In the present paper, we compare the JPD scores with (Confirmatory) Factor Analysis and IRT scorings in two unique datasets. We first present the alternative JPD Index for the 7-item Brief Pain Interface Inventory (BPI-I) [cite] and then construct the JPD index for ordering mental health patients based on 6 administratively collected indicators. For both datasets, we then compare i) the JPD index, ii) factor analytic score when used as an index, and Person’s parameter from the Partial Credit model (PC) [11], the Generalized Partial Credit model (GPC) [12], and the Graded Response model (GRM) [13].

Background

Dimensionality reduction (DR) of p-variate data to a smaller set of q statistics overcomes computational challenges in data analysis [14,15,16] and [17]. Several supervised and unsupervised methods, both probabilistic, geometric, or mathematical have been developed. In DR literature, dimension refers to the number of summary statistics constructable from the multivariate data that: 1) are linearly independent and have no overt and hopefully hidden non-linear dependency, and 2) satisfy some optimality criteria in preserving a notion of information. In some DR methods, such as factor analysis, composite score, and index construction, it is also desirable that the derived summary or summaries, 3) can be interpreted as quantifying some unmeasurable constructs.

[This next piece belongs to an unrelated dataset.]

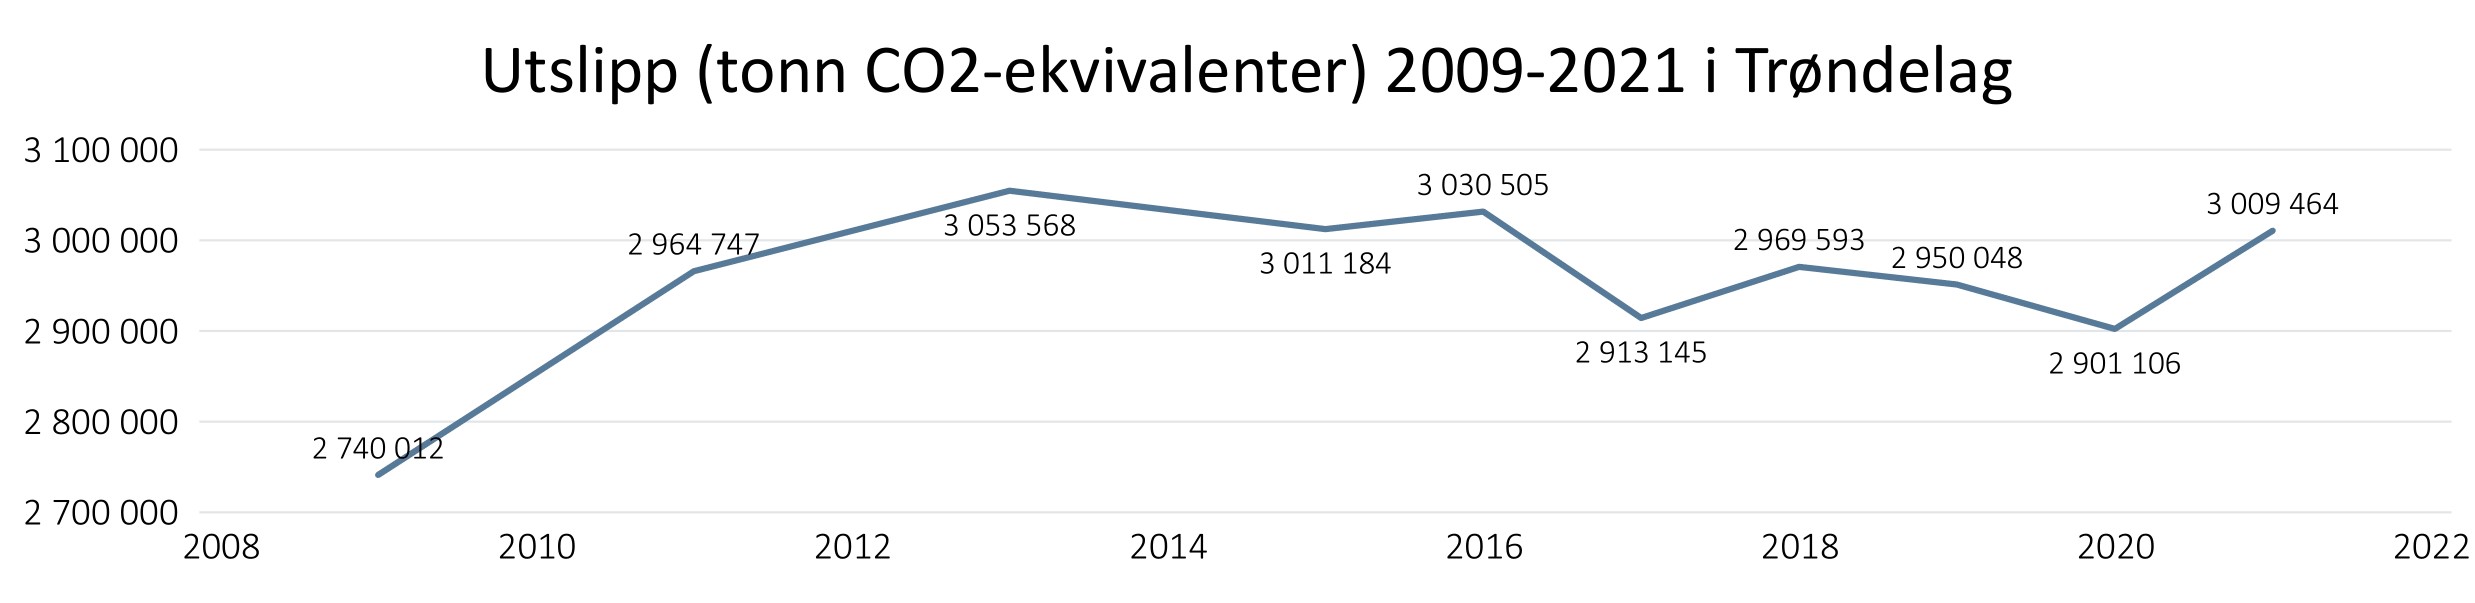 Utslippsstatistikk_Trøndelag 2009-2021
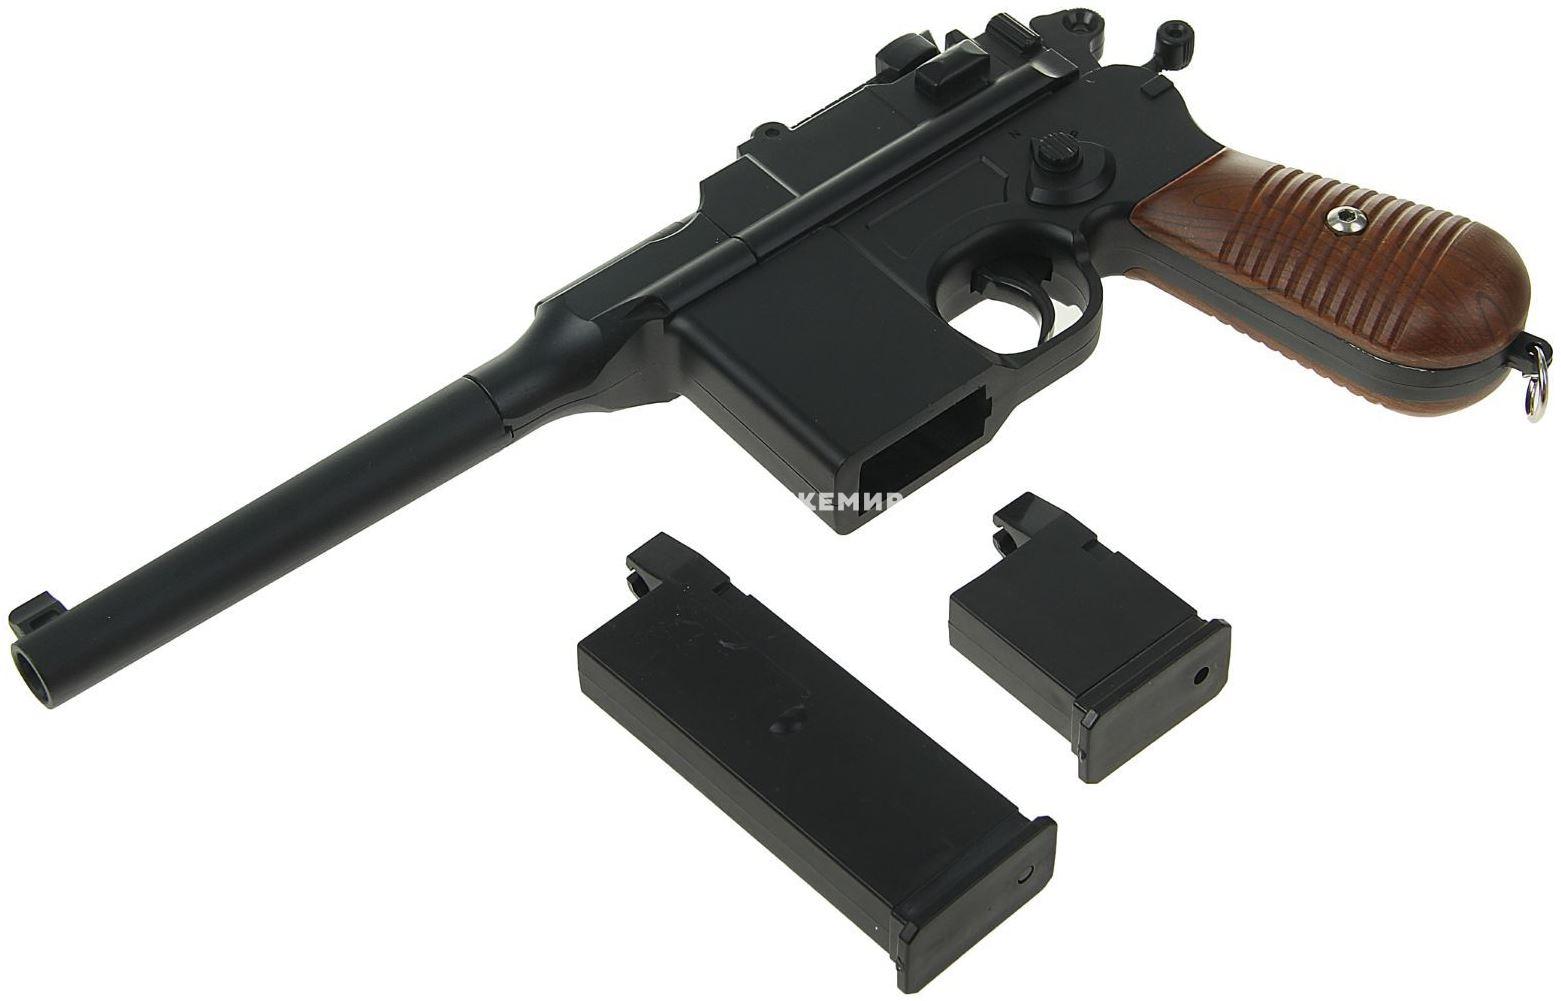 Страйкбольный пистолет пружинный мини Mauser 712 Galaxy G12

Implication of this 2- or 3-step procedure has been the source of ongoing DR research. The lack of unique optimality criteria has been a source of subjective ad hoc decisions in DR procedures. Also, the impossibility of ensuring the nonexistence of nonlinear dependence has resulted in more restricted research formulation, e.g., mostly restricting to linear DR. The current study is about constructing an index, a single composite score, possibly non-linear, that can replace the indicators.

A quick review of DR methods has been reported by [18]. Textbooks on dimensionality reduction (DR) provide a more detailed account of the theoretical basis of these methods [19,20,21].

When DR results in a single statistic with codirectionality property, the statistic can be used as an index. There is a vast literature on classical index construction independent of DR research [See for example: [22,23,24]. Also, The United Nations Statistics Division recommendations for index construction [25].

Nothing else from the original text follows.